Contemporary World Cinema | 2016 | 105 minutes
Stranger Says: A neophyte filmmaker interviews an older woman about a legendary Thai student uprising, which then somehow segues into digressions on the nature of performance, a brief how-to about tobacco harvesting, and lots of cool shots of mushrooms. It makes more sense when you’re watching it. Honest. There’s a lot to unpack, certainly, but writer/director Anocha Suwichakornpong’s WTF tone poem of a film casts a bewitching spell, even/especially as it periodically reinvents itself. Intriguing and severely beautiful throughout, even during those moments when it seems like logic has taken a flyer. (ANDREW WRIGHT)

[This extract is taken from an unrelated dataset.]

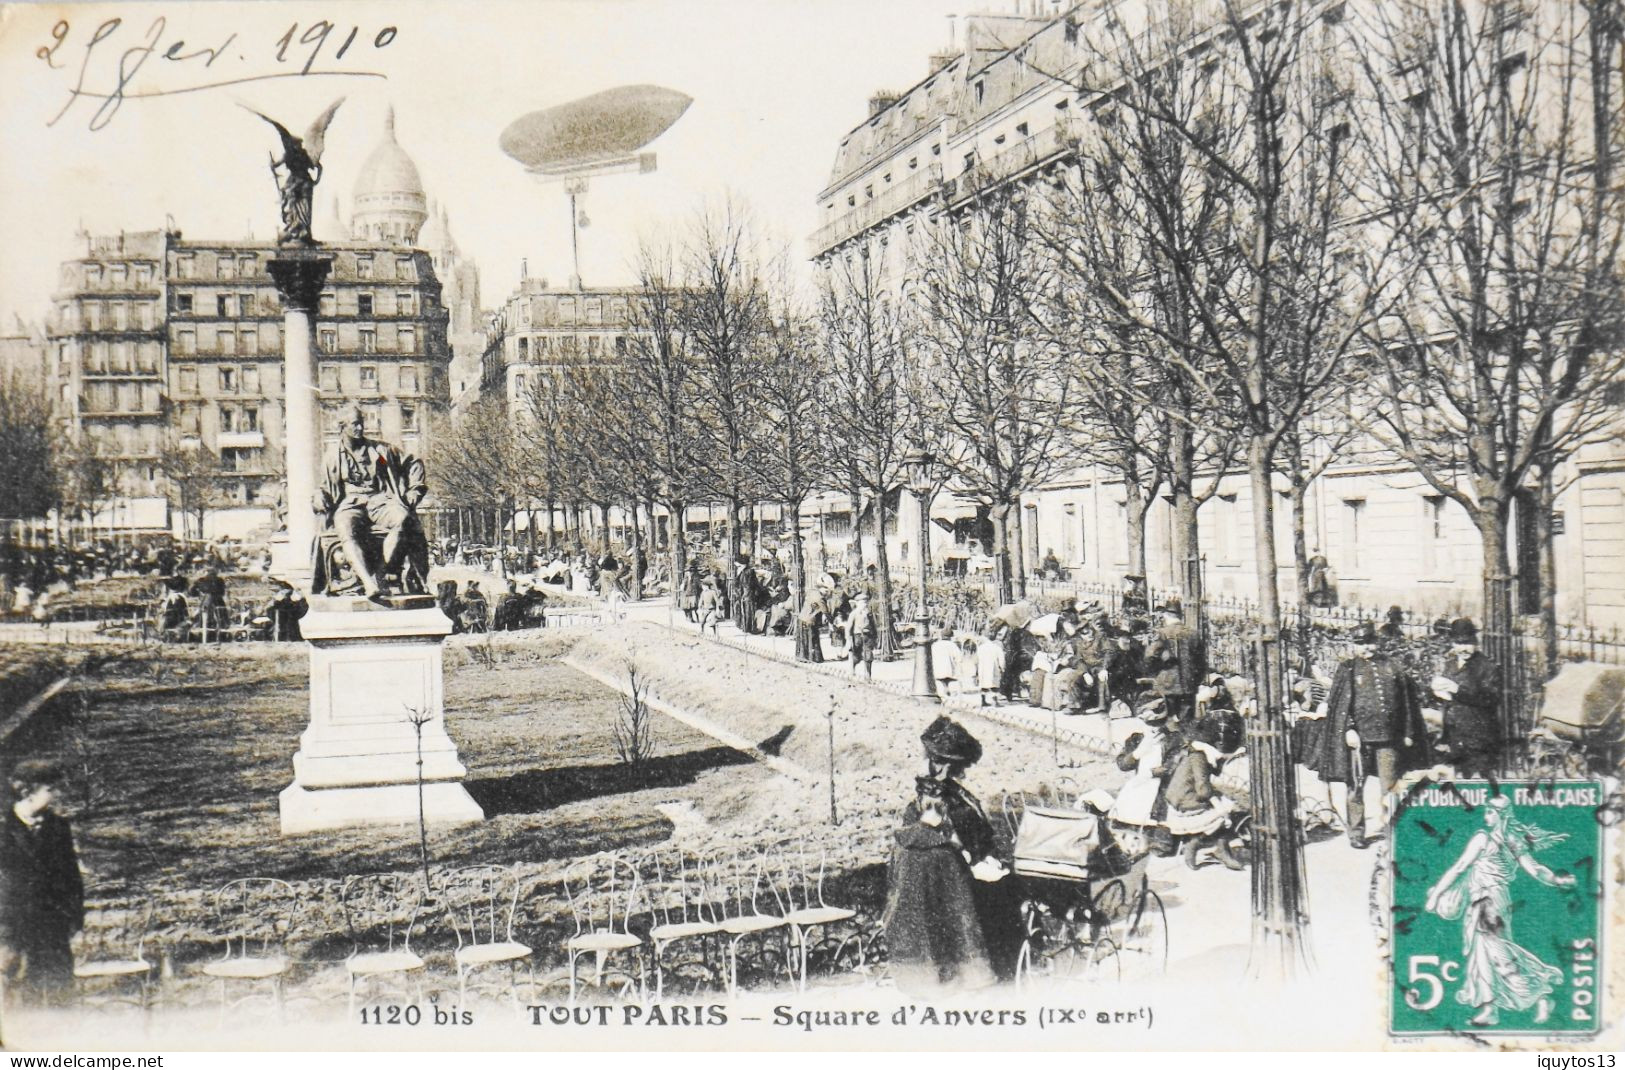 CPA. [75] > TOUT PARIS > N° 1120 Bis - Square D'Anvers - Belle Animation - (IXe Arrt.) - 1910 - TBE - Distretto: 09

SIFF Says:By the Time It Gets Dark has little interest in straightforwardness, but that’s what makes it so intriguing. In Anocha Suwichakornpong’s second feature-length film, characters live a life in one scene and a completely different one in the next. The film revolves around a 1976 event in which students at Thamassat University in Bangkok were brutally suppressed while protesting a military leader’s return. In the most direct scenes, we encounter a former student protester who shares her reflections with a young filmmaker. At its most abstract, the film shows extended cuts of nature and recreates earlier scenes with different actors. The film’s ambiguity hints at the unfeasibility of fully grasping the essence of a historical event without being there. While little is definitive in By the Time It Gets Dark, one thing absolutely is: This film is a beautiful one. The non-linear story is told poetically, through both captivating camerawork and emotional dialogue. Even when it’s uncertain what By the Time It Gets Dark is trying to communicate, it’s evident that it’s doing so in an exquisitely unconventional way.